Source data —
[Start of Attachment]

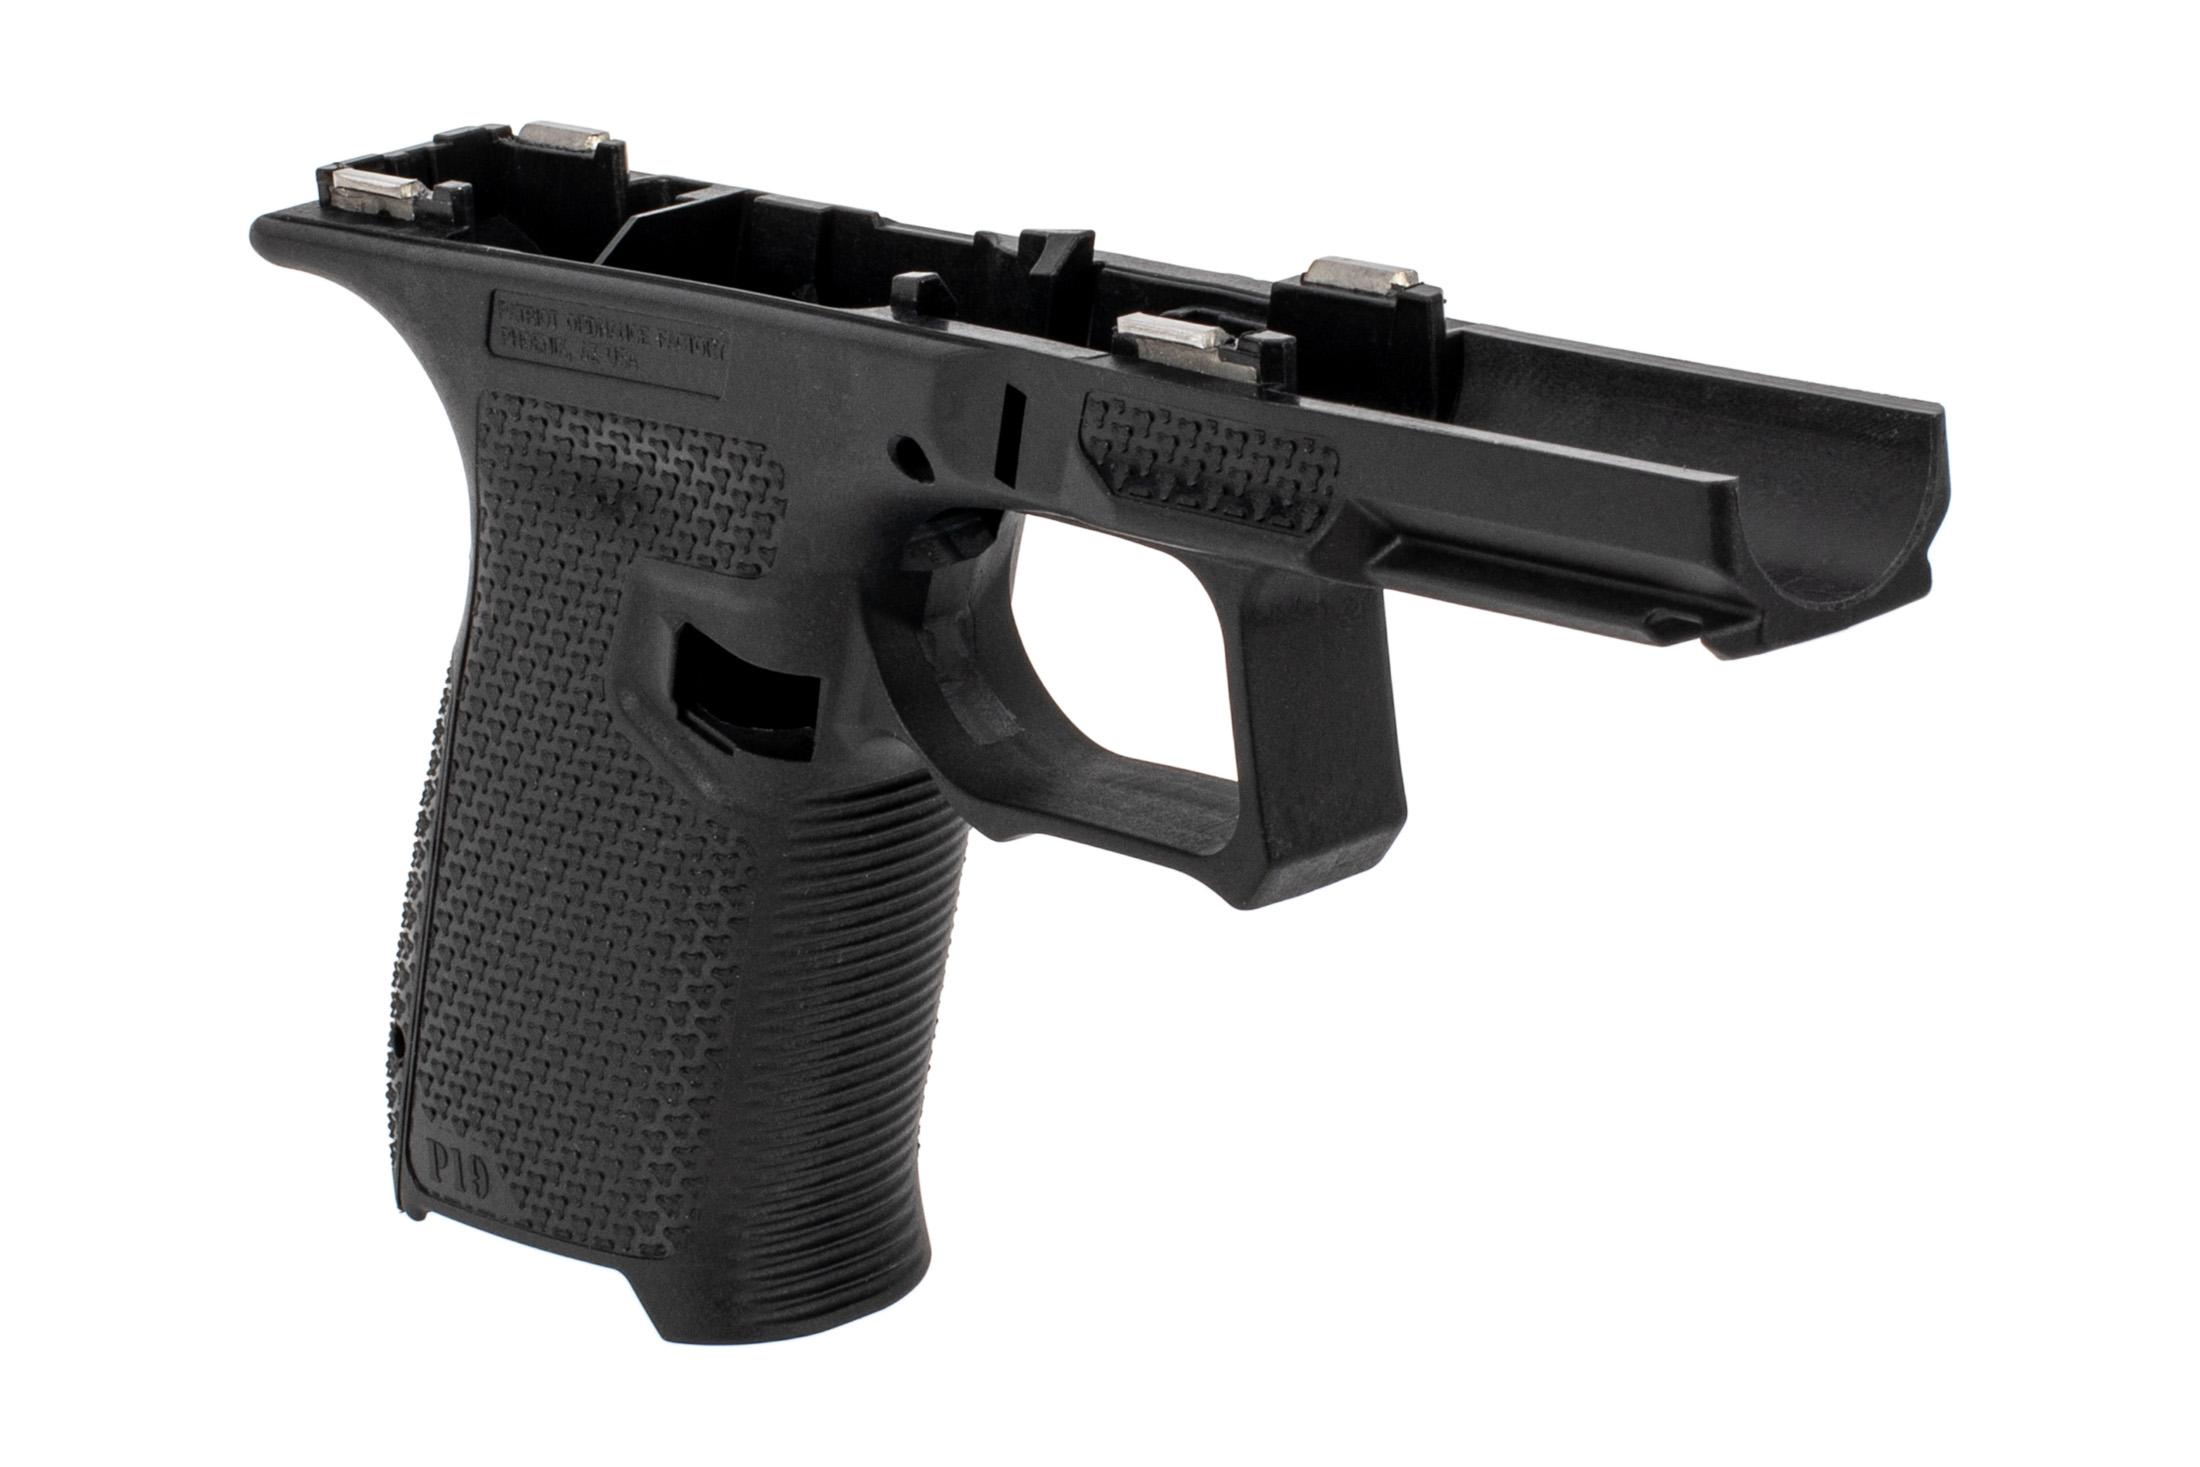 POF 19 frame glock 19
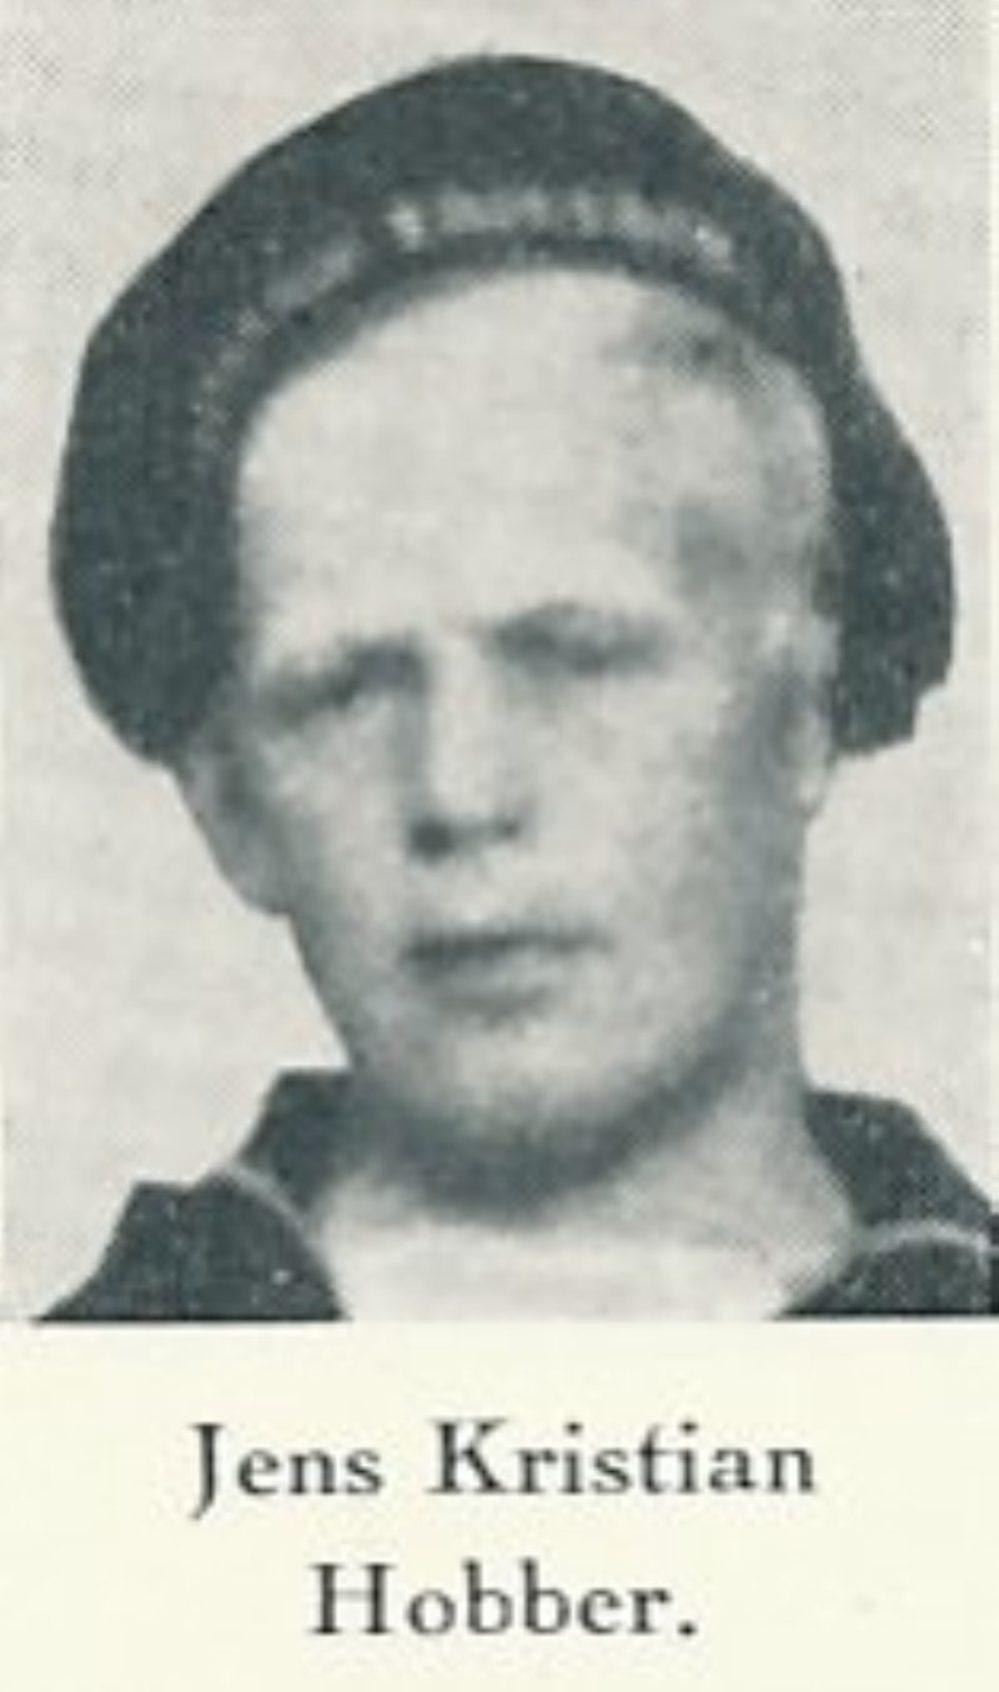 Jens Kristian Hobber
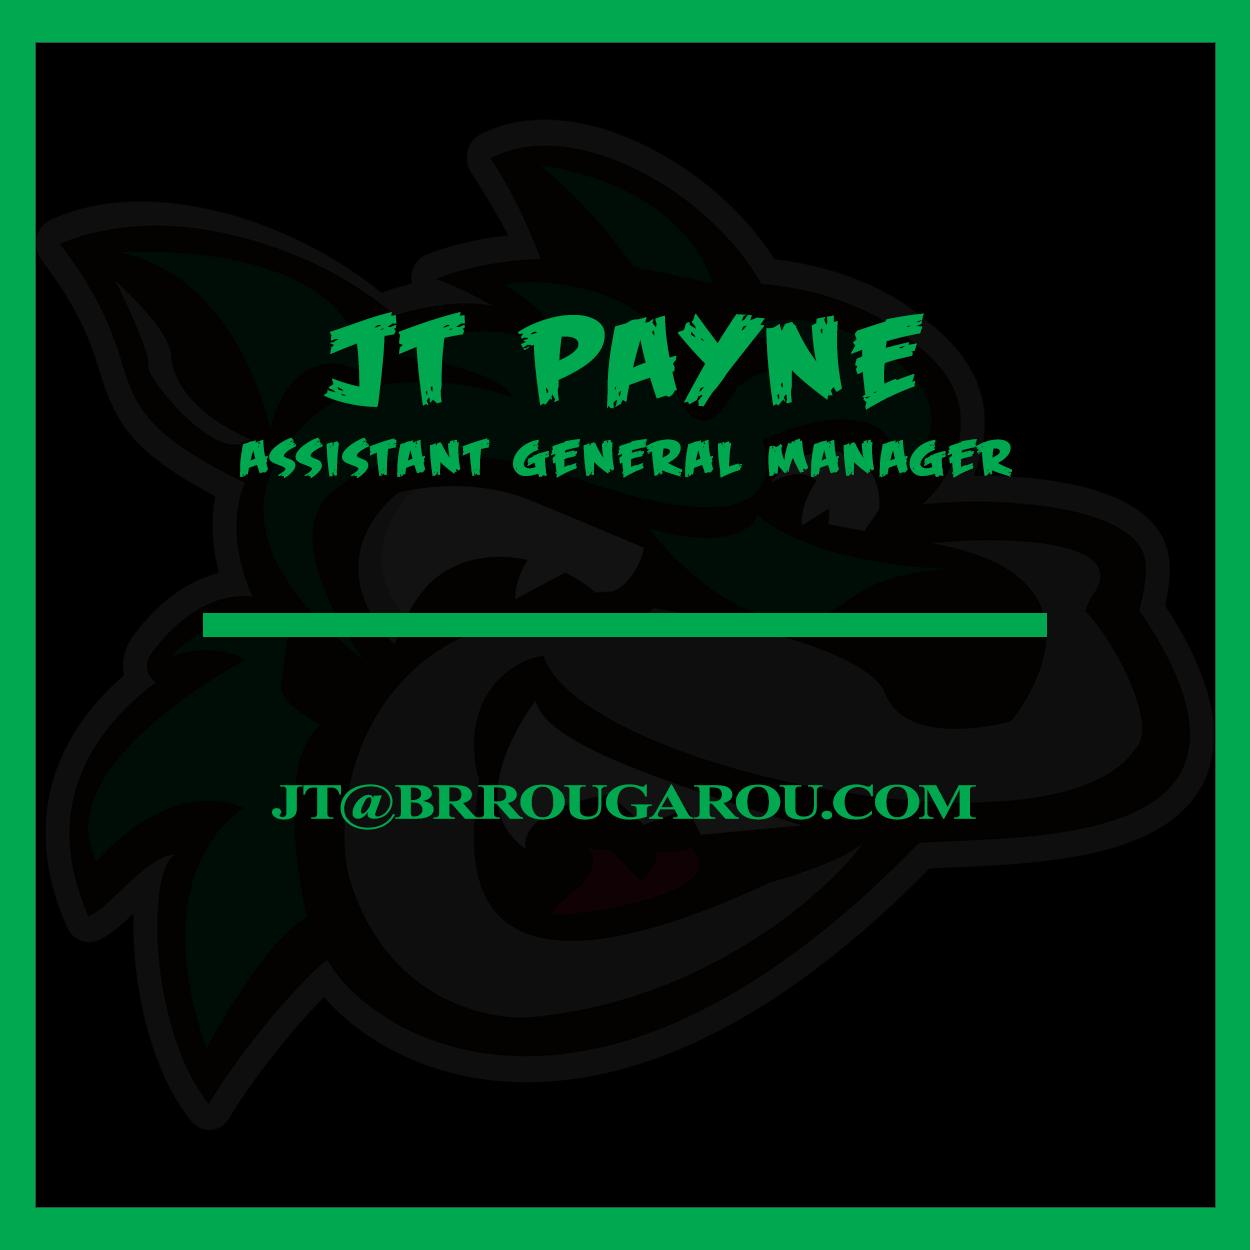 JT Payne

[End of Attachment]

Problem to work on —
Copy all of the data word for word, and keep the pictures out of it.

Output of the task —
 POF 19 frame glock 19
 Jens Kristian Hobber
 JT Payne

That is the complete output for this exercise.